Turning our attention to the hooked syscall however, we cannot introduce Tokio there as we will be bringing along the whole async runtime that is required, as well as having to mark our callback functions as async. I haven’t tried it but this sounds like a low level disaster. I suppose in some ways it should not matter whether our injected DLL itself has the async runtime, but given the low level control we require over our callback routines, I do not want to add an additional layer of complication.
But this is no matter; a blocking IPC request suits our needs just fine - for this, we can use the std::fs route to named pipes. Writing to a named pipe is just like writing to a file,
so if you are familiar with that, then IPC is a breeze.
The server
Let’s start with implementing the server. Our server will be running in the um_engine part of the project, which introduces its own complication - that process is run as an administrator.

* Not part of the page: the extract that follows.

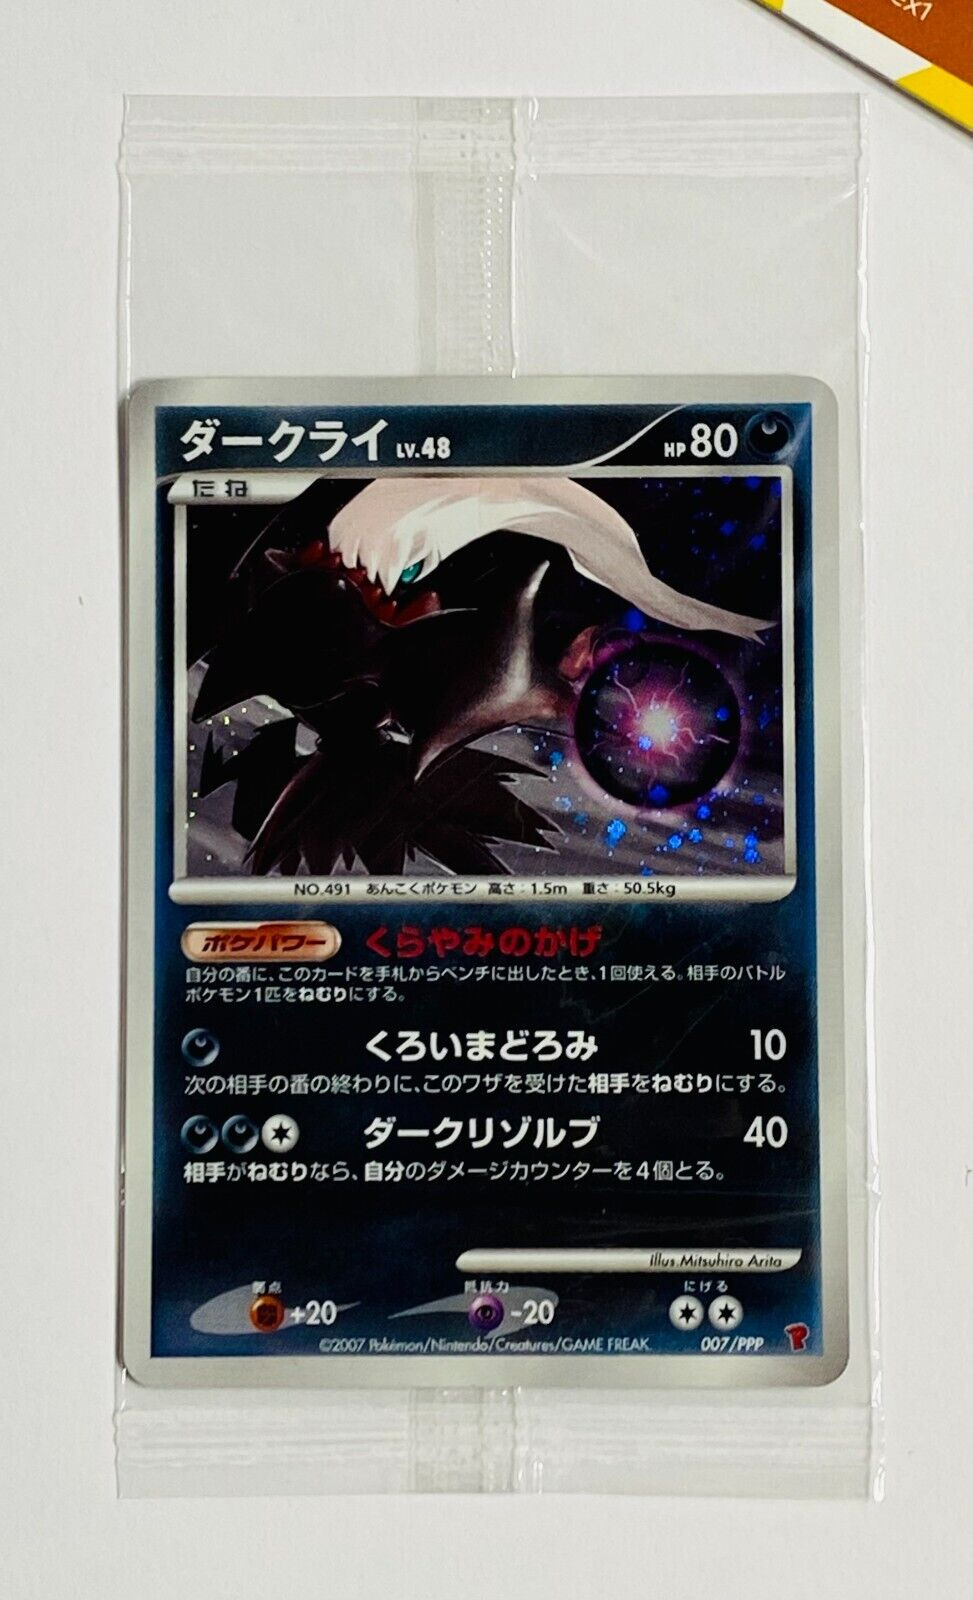 Pokemon Darkrai #007/PPP Holo Promotional Cards Promo Sealed 2007 Japanese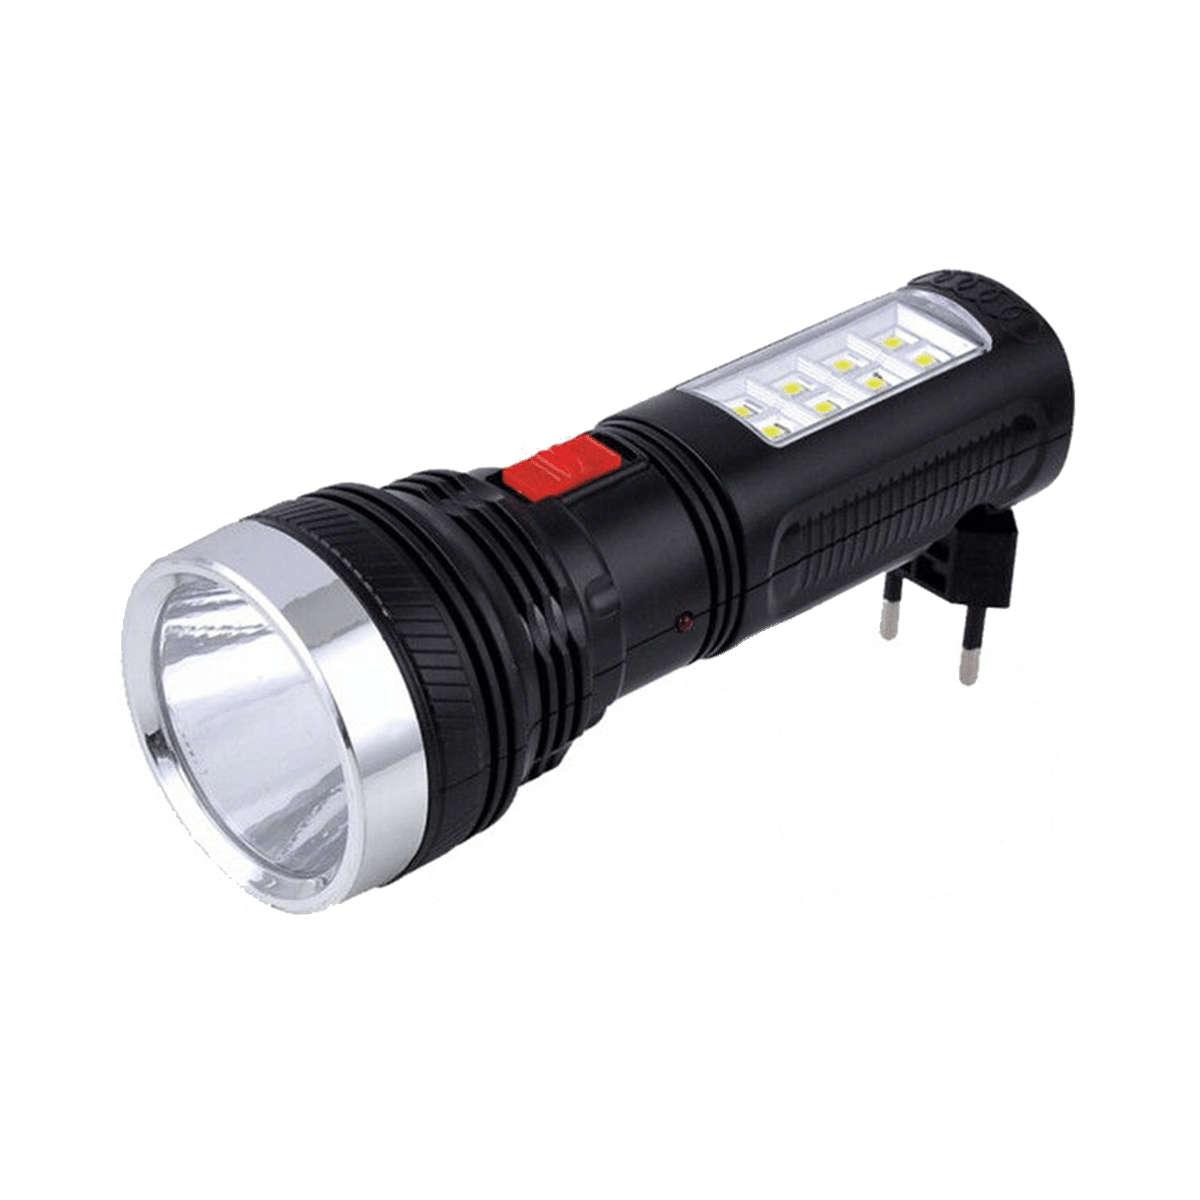 Ліхтарик YJ-227 акумуляторний, 16*5,5 см, 1 1W LED+8 Led

This means we need to set a SECURITY_ATTRIBUTES structure to allow read and writes from any
user. I’m not going to discuss it here, as it’s a little convoluted, but if you are interested check my source file on GitHub.
Starting the IPC server is as simple as:
use tokio::net::windows::named_pipe::ServerOptions;
let mut server = unsafe {ServerOptions::new()
.first_pipe_instance(true)
.create_with_security_attributes_raw(PIPE_FOR_INJECTED_DLL, sa_ptr)
.expect("[-] Unable to create named pipe server for injected DLL")};
In this example, PIPE_FOR_INJECTED_DLL is the string referenced above: r"\\.\pipe\sanctum_pipe_injected_dll" and sa_ptr is a pointer to the SECURITY_ATTRIBUTES object. If you are creating a new
IPC server and you don’t care about the security attributes, you can instead do:
use tokio::net::windows::named_pipe::ServerOptions;
let mut server = unsafe {ServerOptions::new()
.first_pipe_instance(true)
.create(PIPE_FOR_INJECTED_DLL)
.expect("[-] Unable to create named pipe server for injected DLL")};
Now we enter the main loop; we want to wait for a new connection, and once we have it we need to create a new server before doing something with the connection - this ensures there is constant
uptime on the IPC server. With the below snippet, ignore SECURITY_PTR - that is just a pointer to the SECURITY_ATTRIBUTES.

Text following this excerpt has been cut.